** Task data follows **

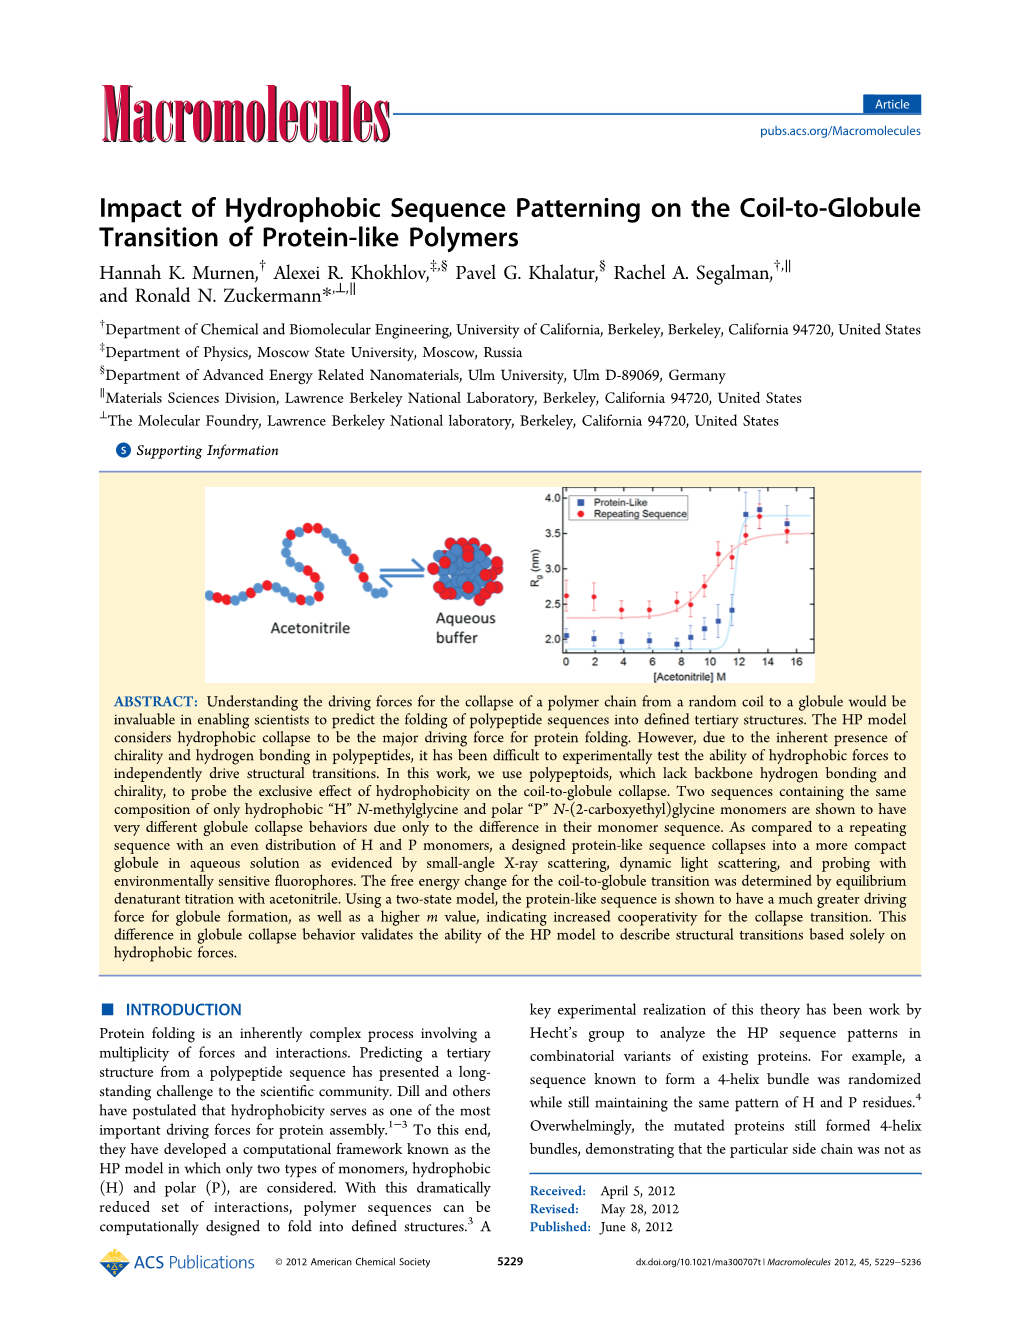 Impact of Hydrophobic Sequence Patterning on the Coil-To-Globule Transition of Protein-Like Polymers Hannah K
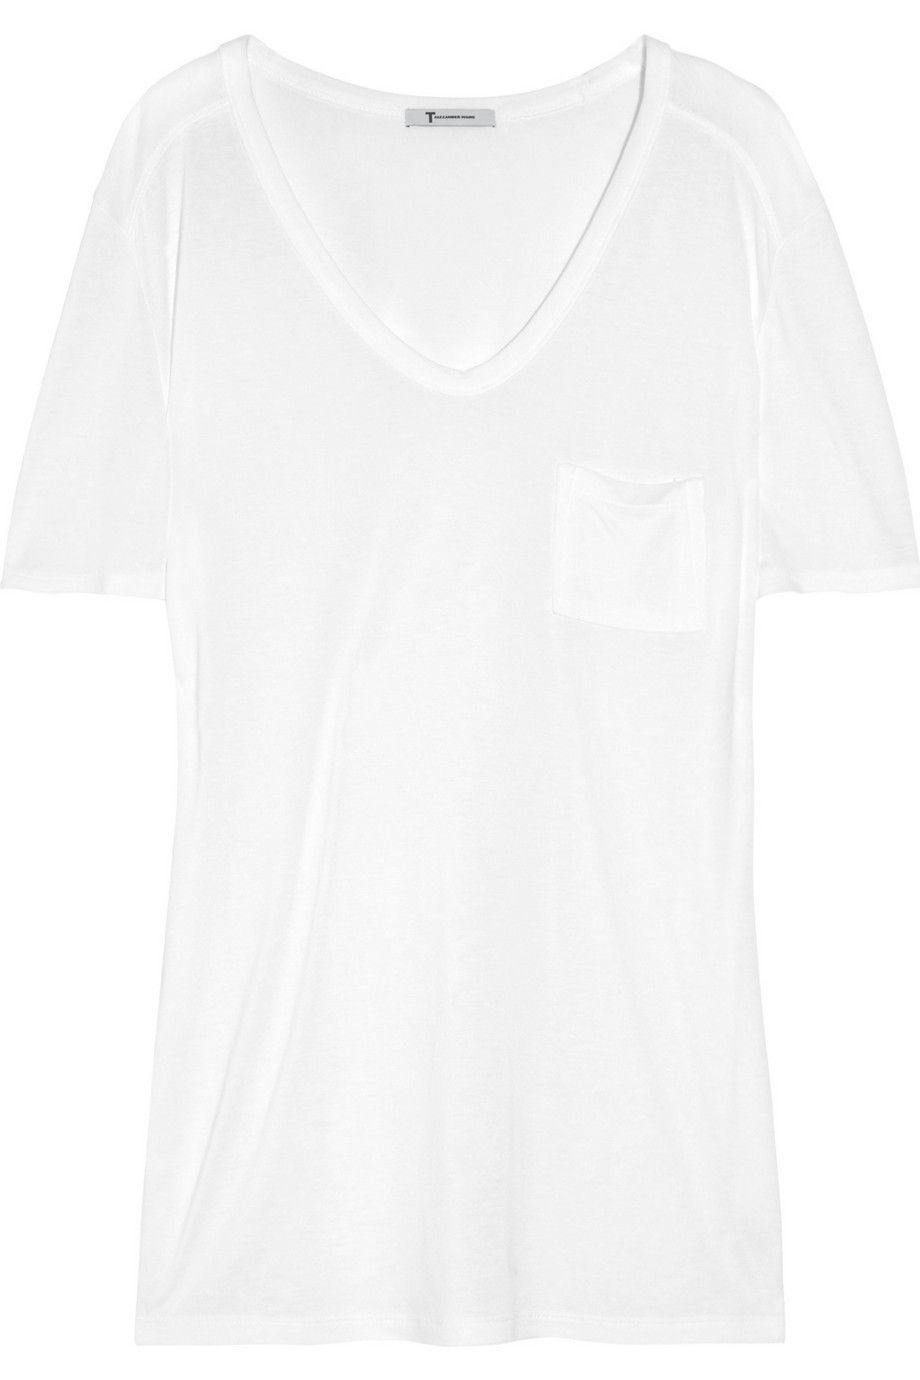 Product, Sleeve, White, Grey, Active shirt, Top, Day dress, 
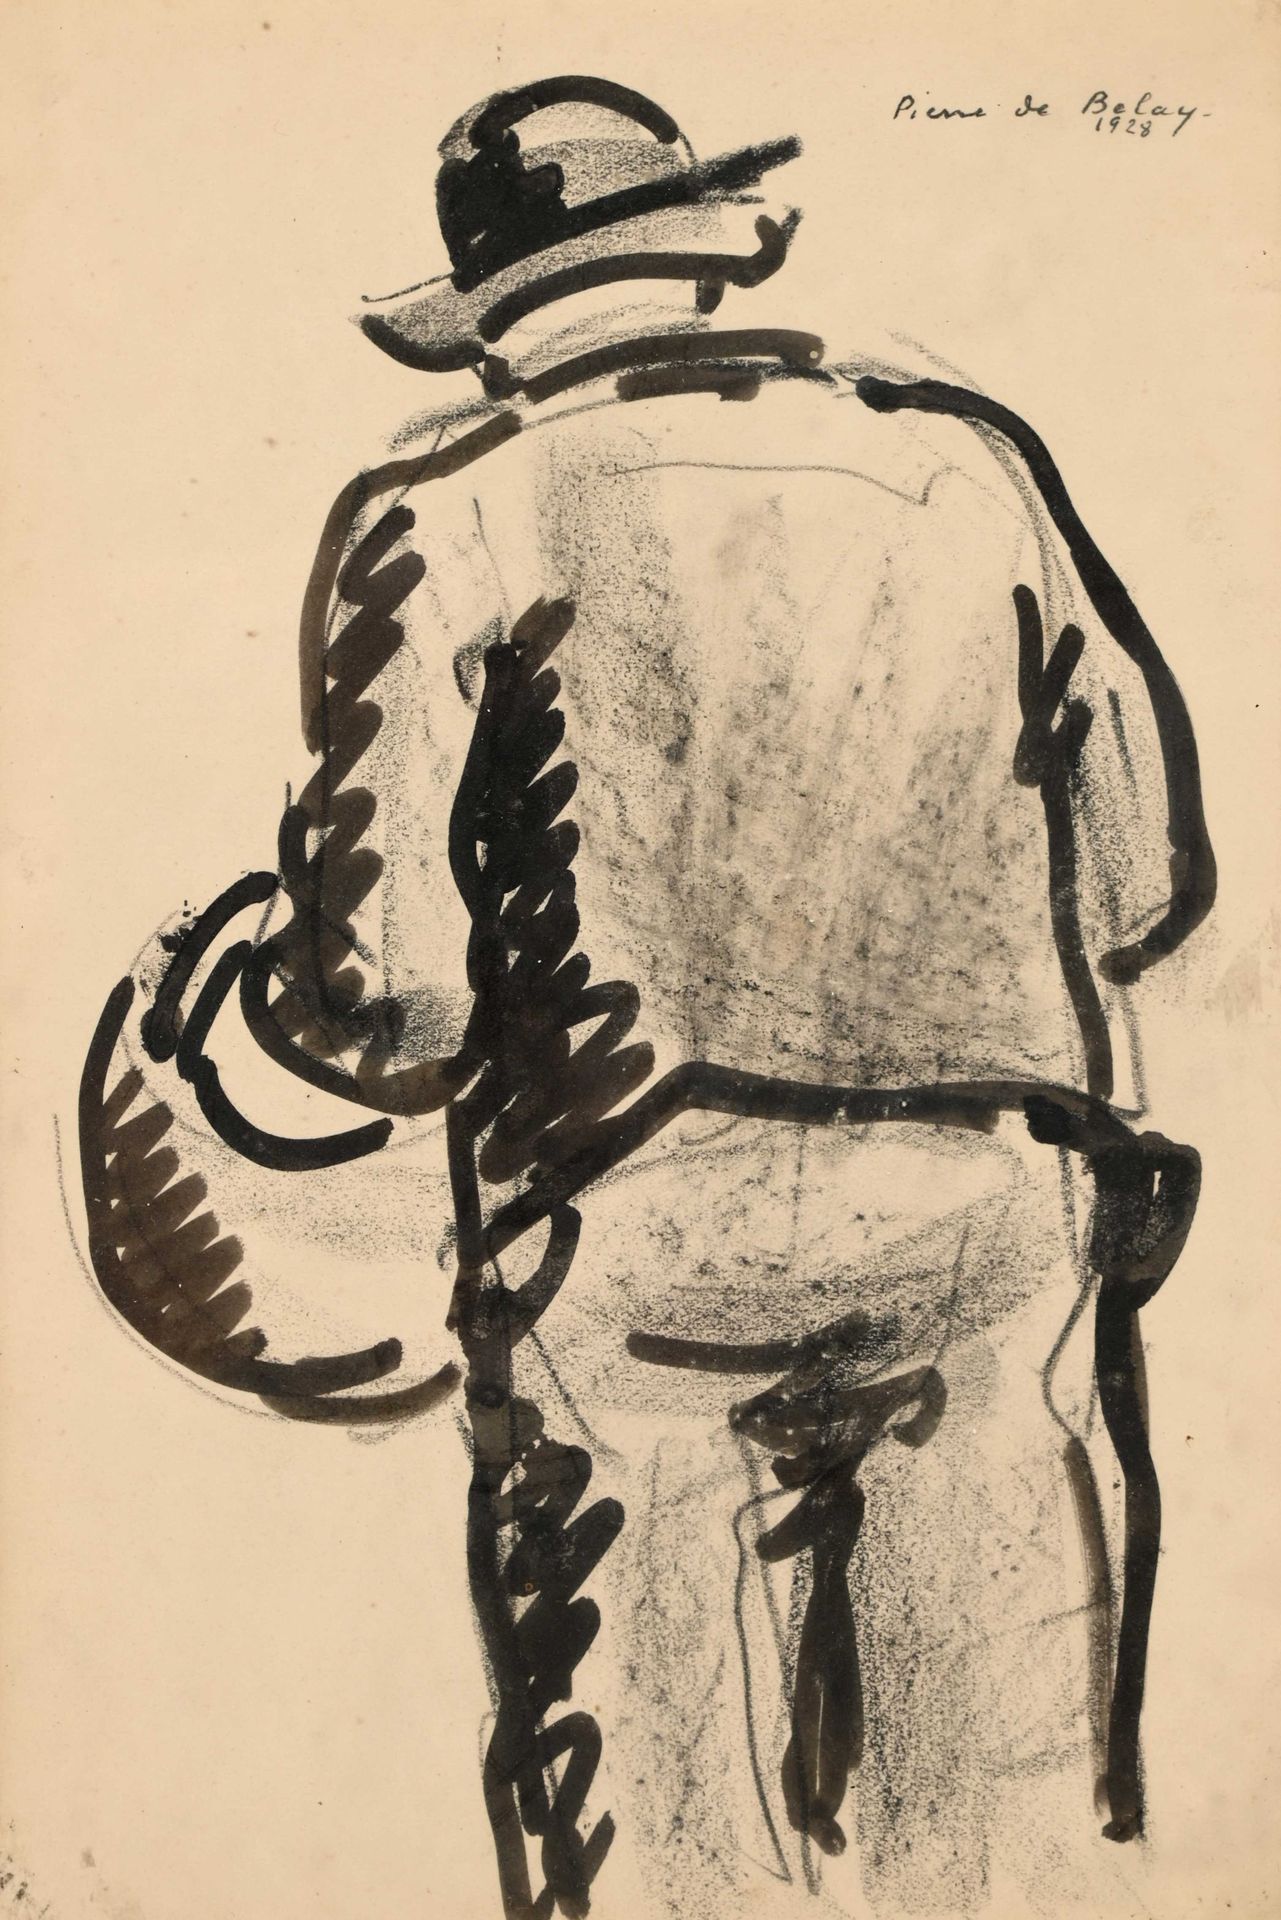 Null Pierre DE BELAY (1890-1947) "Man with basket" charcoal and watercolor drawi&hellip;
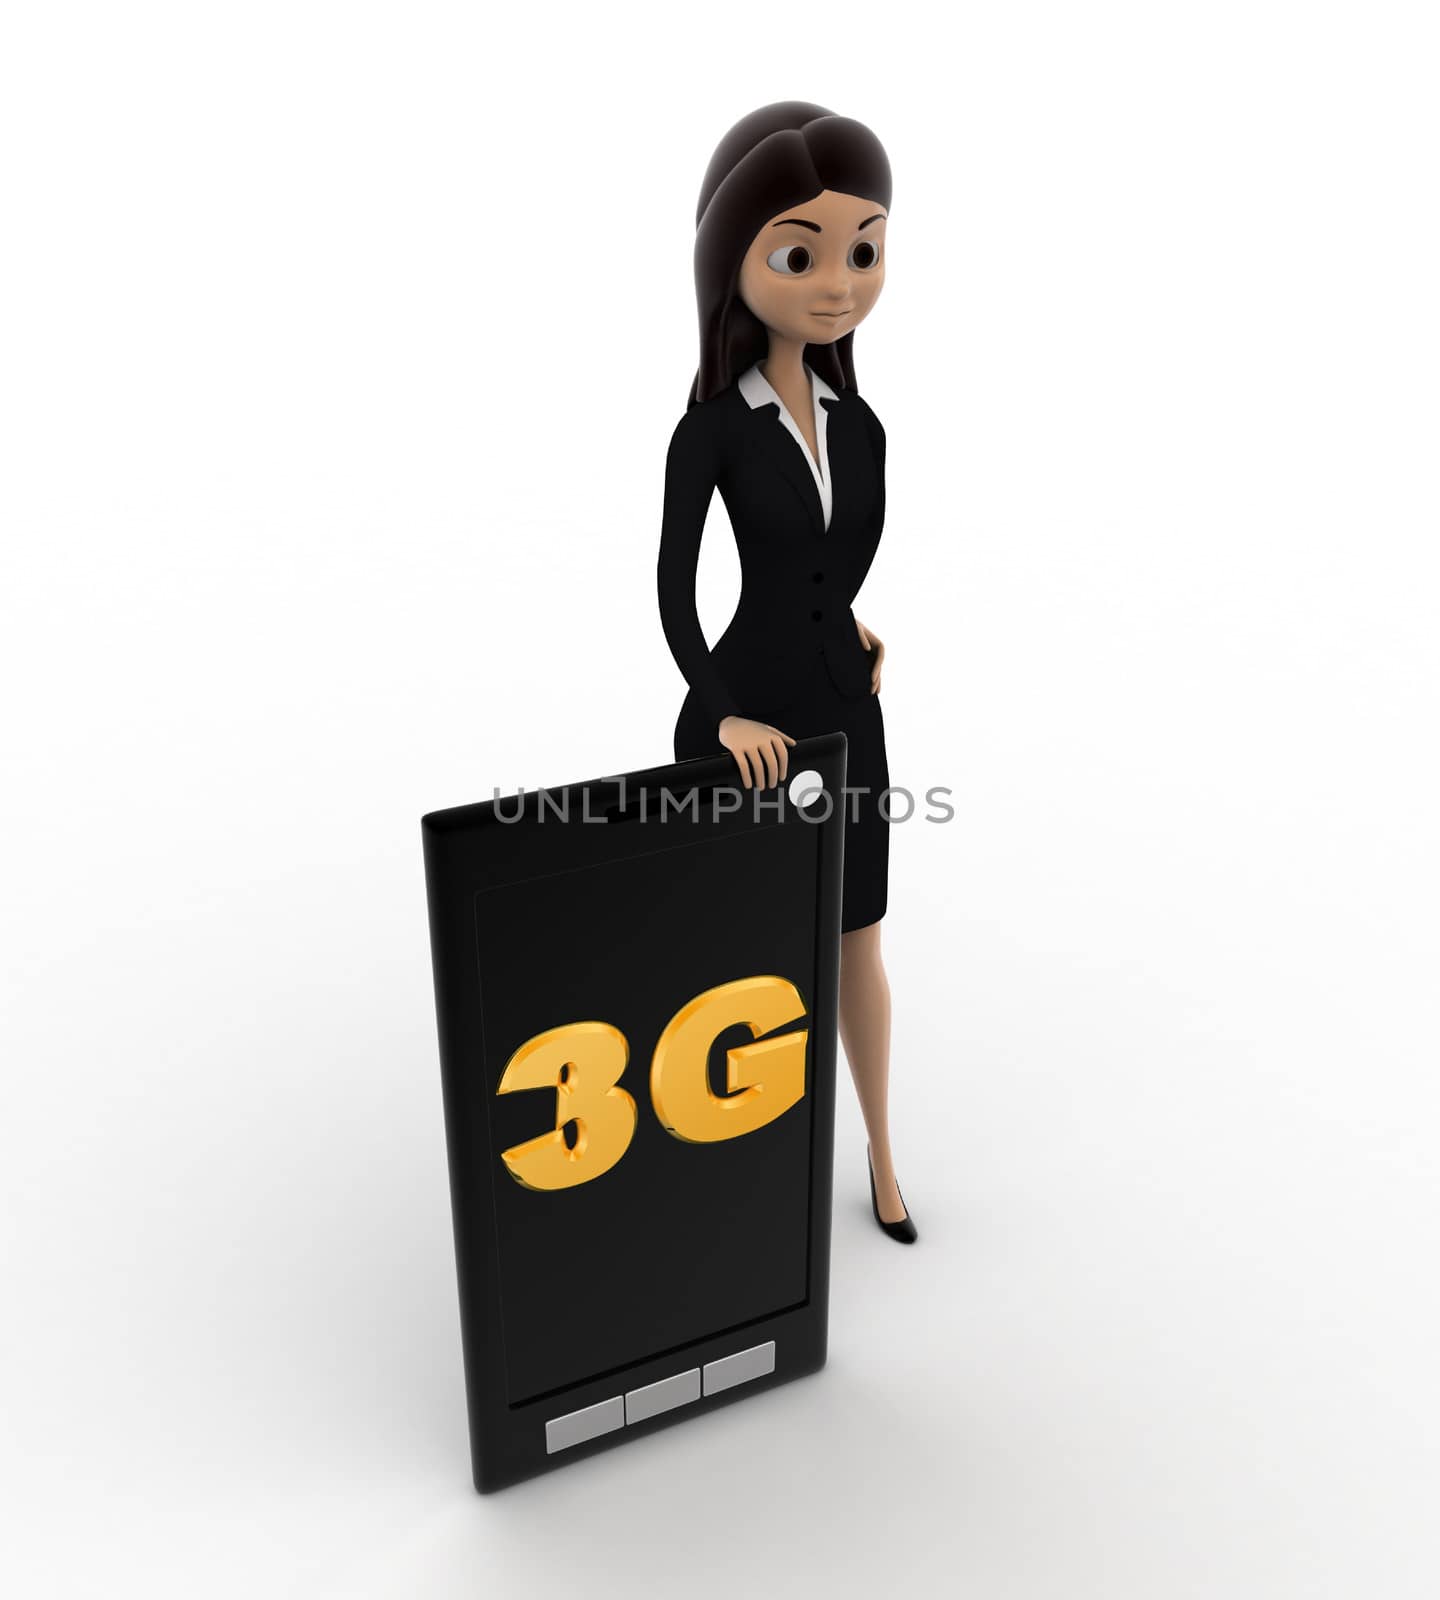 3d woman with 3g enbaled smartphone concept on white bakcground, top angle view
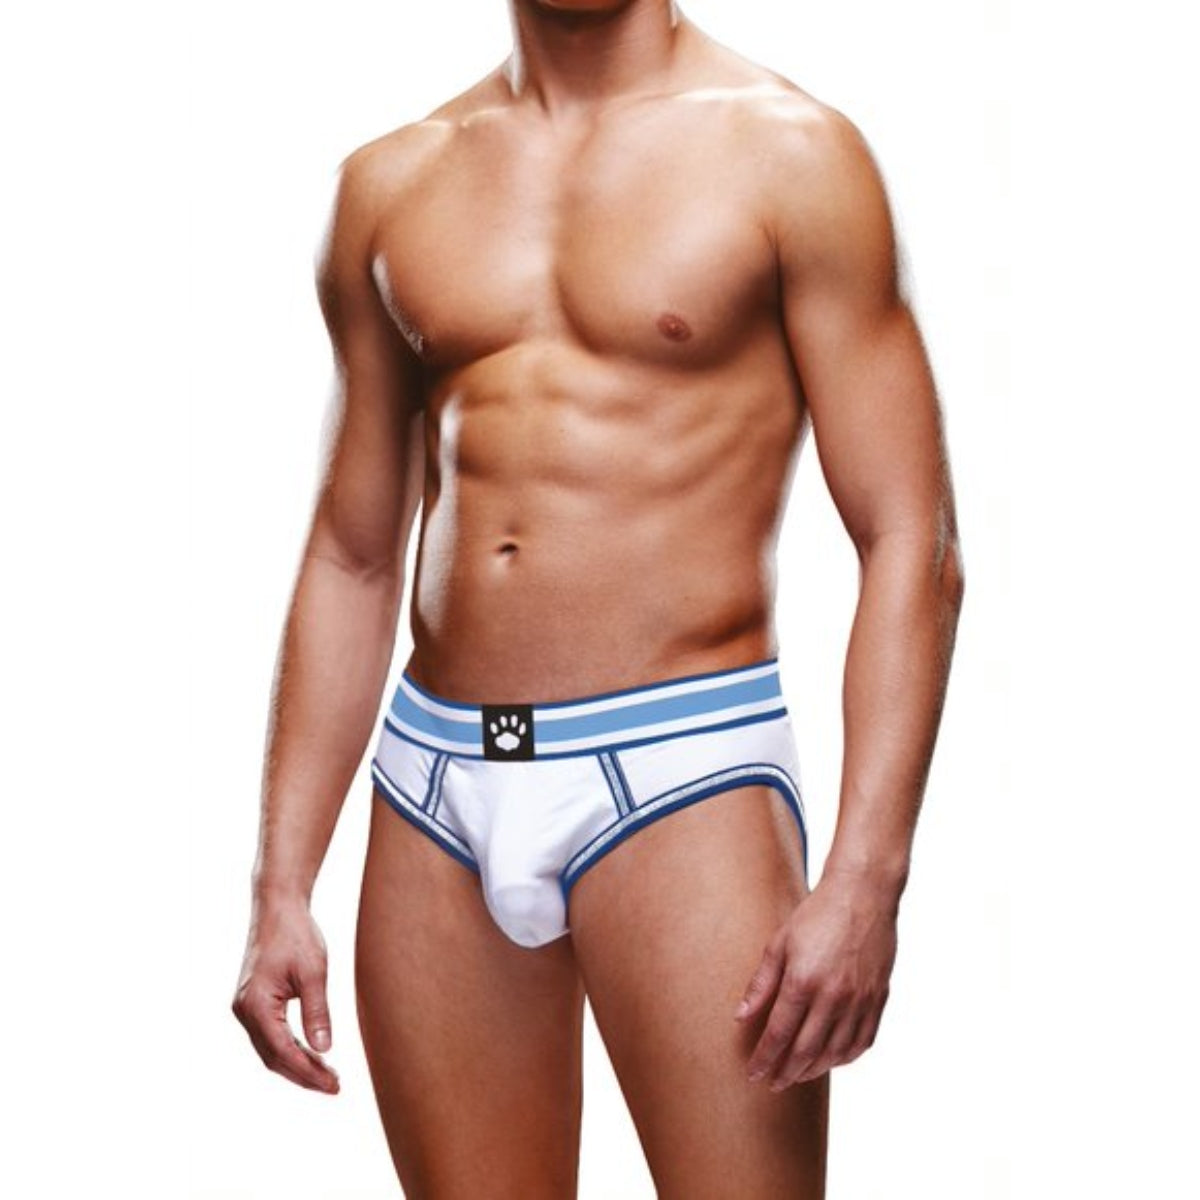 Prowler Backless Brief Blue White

** End of Task data **

▶ **Work order**
The reply should hold every record, unchanged, and no pictures.

▶ **Answer box**
 Impact of Hydrophobic Sequence Patterning on the Coil-To-Globule Transition of Protein-Like Polymers Hannah K
 Product, Sleeve, White, Grey, Active shirt, Top, Day dress, 
 Null Pierre DE BELAY (1890-1947) "Man with basket" charcoal and watercolor drawi&hellip;
 3d woman with 3g enbaled smartphone concept on white bakcground, top angle view
 Prowler Backless Brief Blue White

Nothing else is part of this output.